It was getting late for an eight-year-old child to be up, but I couldn’t take my eyes off Mamaw Clark. She sat in her rocker, weaving a strand of thread through her fingers faster than a sewing machine needle.
“What are you doing, Mamaw?” I asked.
“Oh, child, I’m jus’ gettin’ a little tatting done,” she said.
“What’s tatting? It looks like a bunch of knots.”
Mamaw smiled. “These ain’t regular knots. Each one has a name and a special place in the pattern.”
I leaned in closer. Delicate white beads were held together by various knots and loops—cow hitches, half hitches, she described them all.
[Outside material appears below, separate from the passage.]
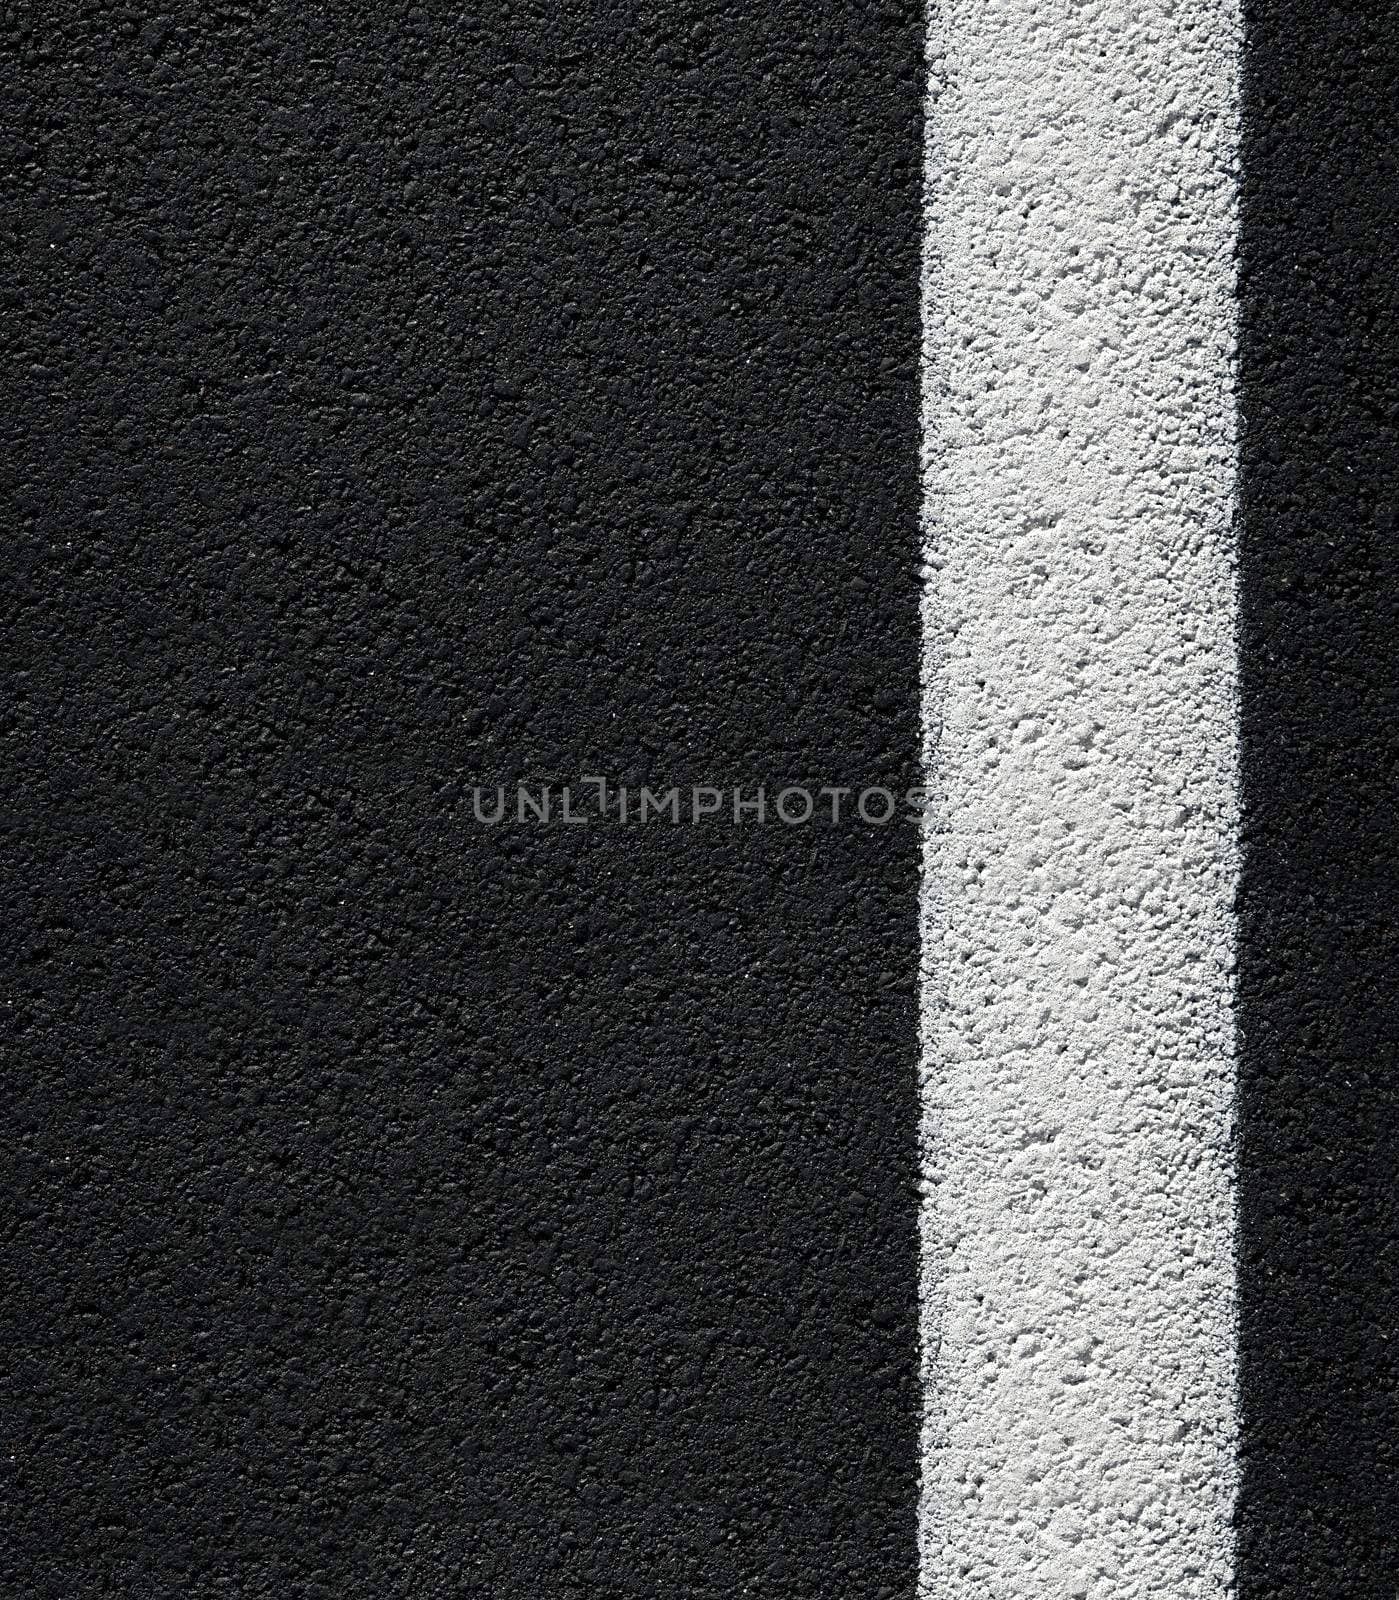 Asphalt surface with white line

“It may not look like much, but soon it’ll be an angel,” she explained. “Now go on and get some sleep.”
The next morning I woke to a sweet surprise: Mamaw’s tatted angel hung from a string above my bed. She was whiter than fresh snow, and her halo and wings were laced with the tiny beads. “Oh, Mamaw, the angel is perfect!” I shouted.
“She will always watch over you,” said Mamaw. Back home I tied the angel to the head of my bed.
Through the years, until she passed away, Mamaw tatted everything from snowflakes to butterflies and doilies. But my favorite will always be my angel. And I have a feeling it’s not the only one watching over me.